We know that if $E\to M$ is a complex vector bundle of rank $k$, then there exist a manifold $T=T(E)$ and a proper smooth map $f:T\to M$ such that
$f^*:H^*(M)\to H^*(T)$ is injective
$f^* E\cong L_1\oplus\dots\oplus L_k$, where $L_j\to M$ is a line bundle, $j=1,\dots,k.$
We can use the splitting principle to show, for example, that $ch(E\otimes F)=ch(E) ch(F)$, given two complex vector bundles. Let suppose that it exists a map $\tilde f$ that splits both $E$ and $F$ and whose pullback is an injection:
$$\tilde f^*ch(E\otimes F)=ch(\tilde f^*(E\otimes F))=ch(\tilde f^*E\otimes f^*F)=ch(\tilde f^*E)ch(\tilde f^*F)=\tilde f^*(ch(E)ch(F))$$
and since $\tilde f$ is an injection we have proved the identity.

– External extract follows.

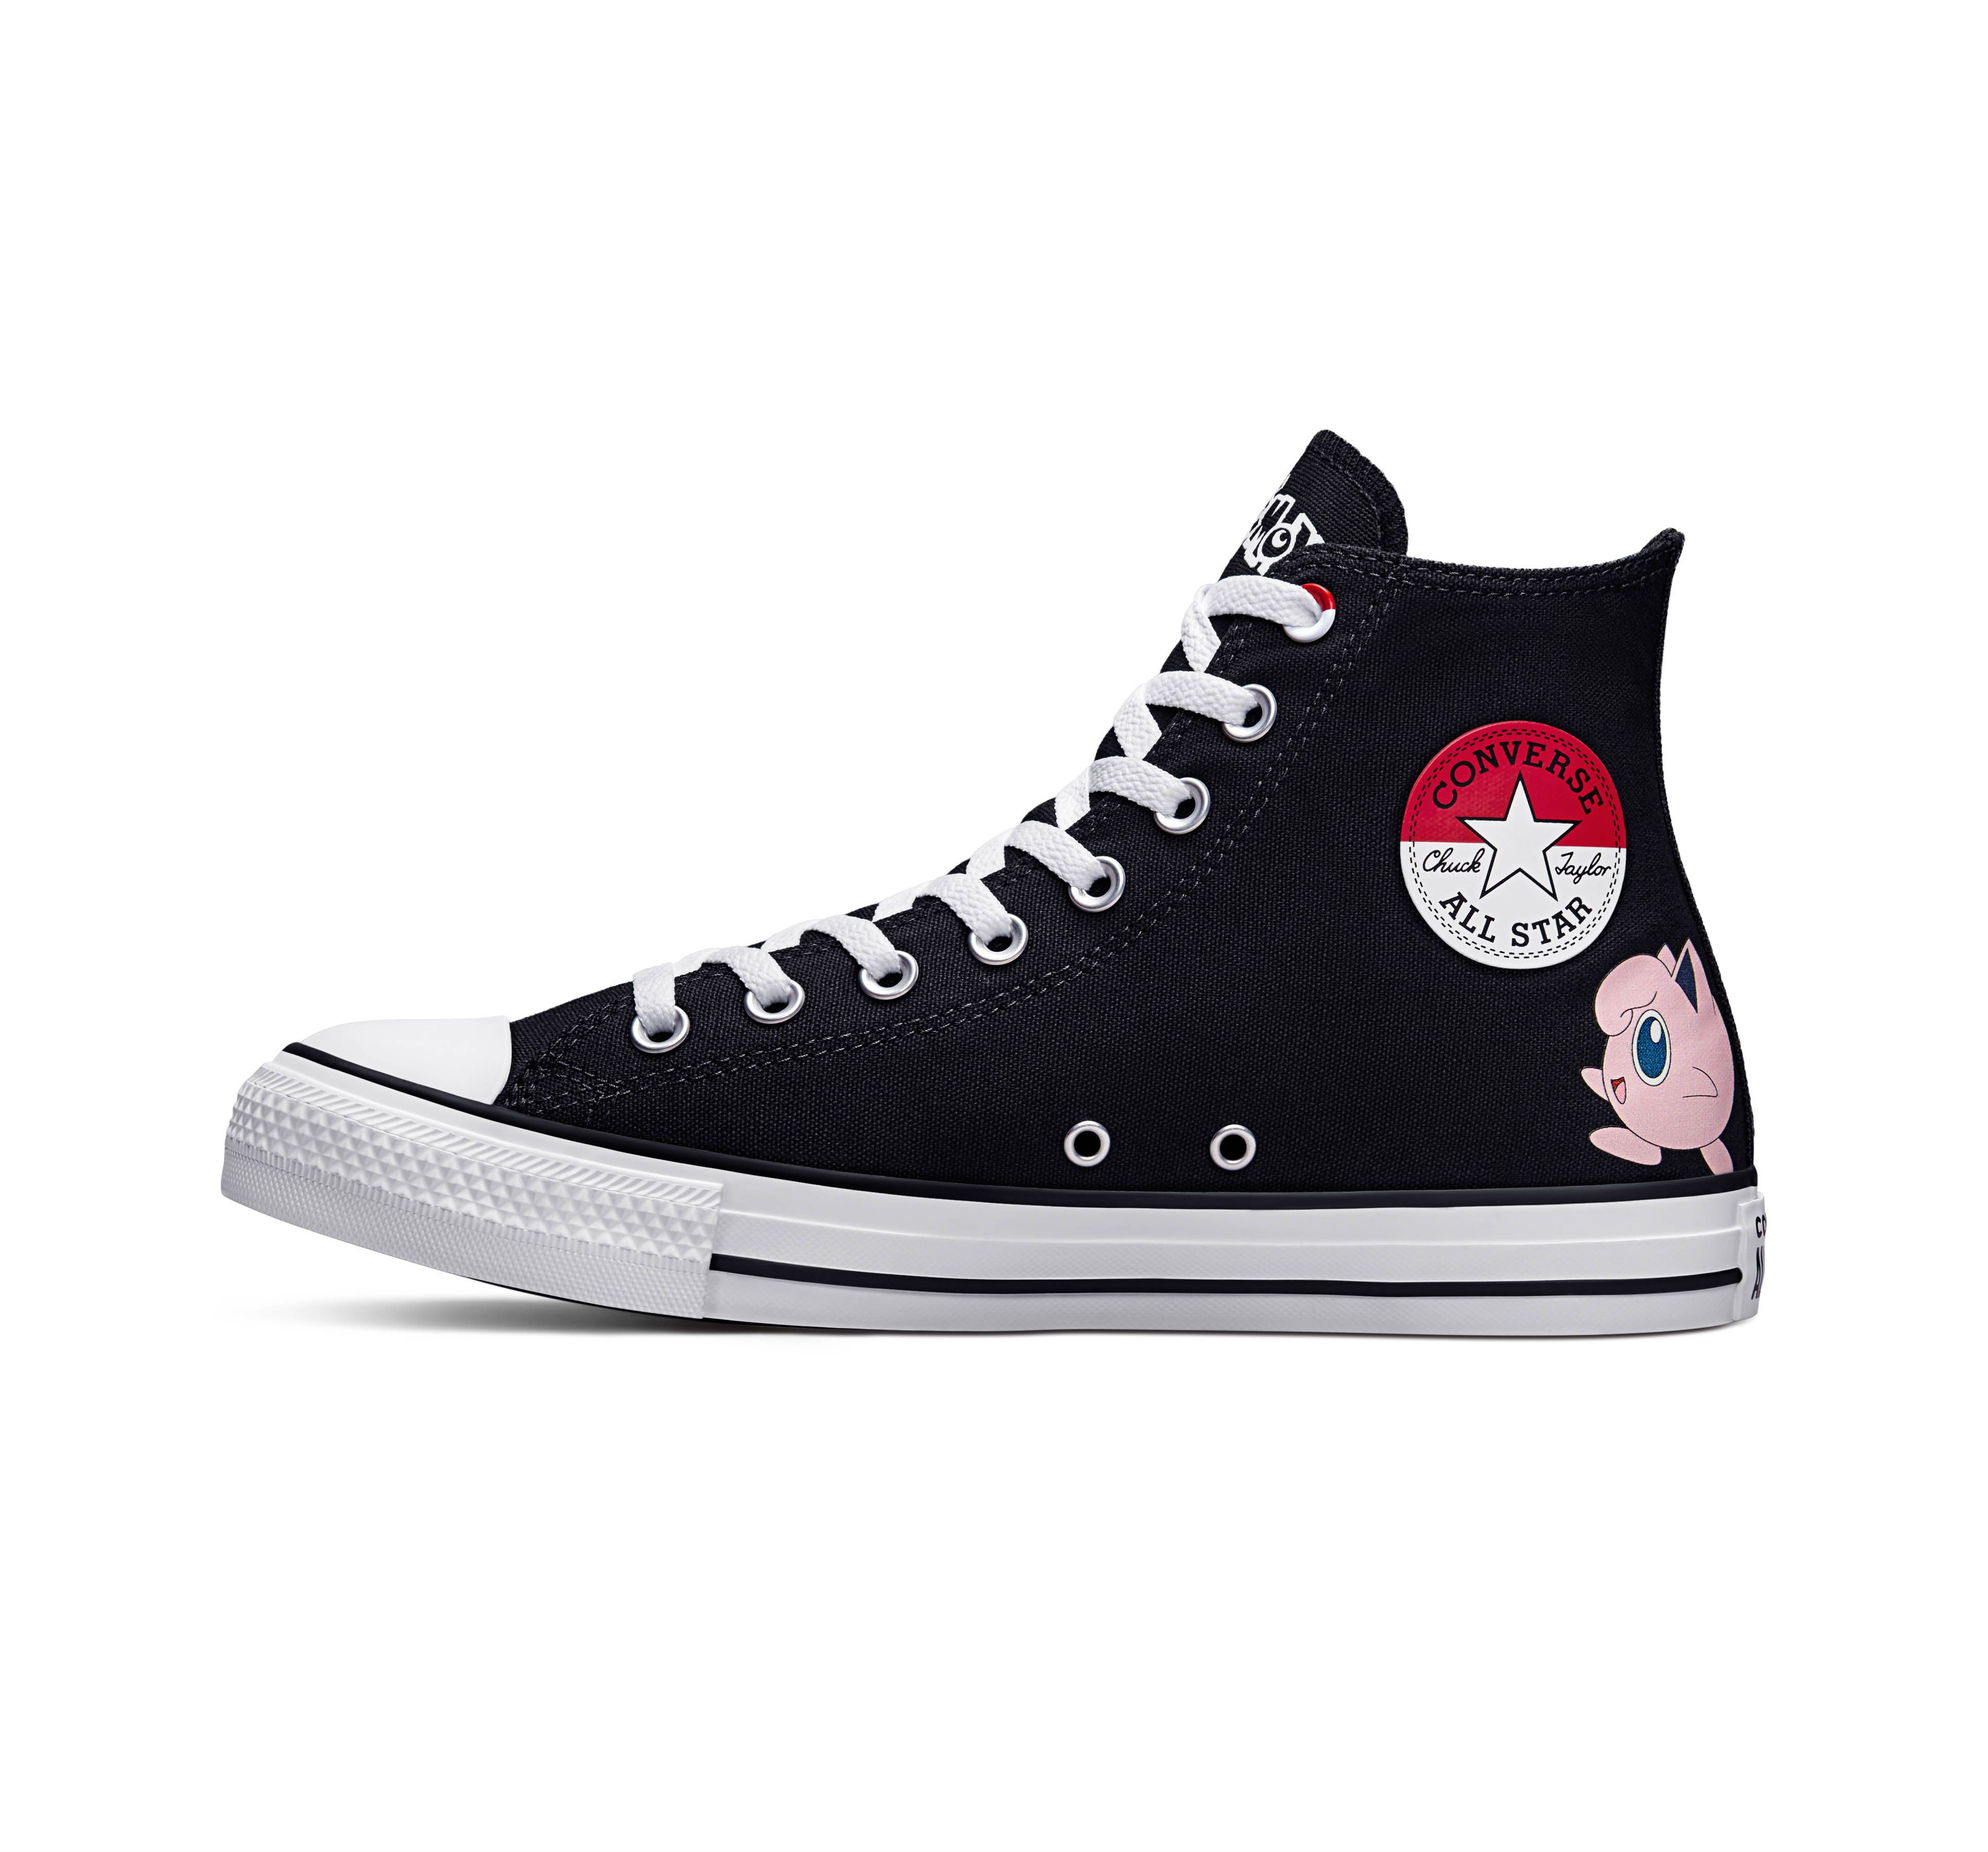 Pokémon and Converse Team Up for Shoe Collection

But how can I find the map $\tilde f$.
I have the idea we have two distinct maps for $E$ and for $F$.
Thank you!
You are correct in noting that if $f : T(E) \to M$ is the map for which $f^*E$ splits, there is no reason to expect that $f^*F$ splits. For example, if $E$ is a line bundle then $T(E) = M$ and $f = \operatorname{id}_M$, but $\operatorname{id}_M^*F = F$ which need not be a sum of line bundles. However, there is a simple way to resolve this.
Note that $f^*F \to T(E)$ is a complex vector bundle, so there is a map $g : T(f^*F) \to T(E)$ such that $g^*(f^*F)$ splits and $g^*$ is injective on cohomology. Letting $h = f\circ g : T(f^*E) \to M$, we see that $h^*E$ and $h^*F$ split as a sum of line bundles, and since $f^*$ and $g^*$ are injective of cohomology, so is $h^* = g^*f^*$. Now you can show that $h^*\operatorname{ch}(E\otimes F) = h^*(\operatorname{ch}(E)\operatorname{ch}(F))$ and hence $\operatorname{ch}(E\otimes F) = \operatorname{ch}(E)\operatorname{ch}(F)$.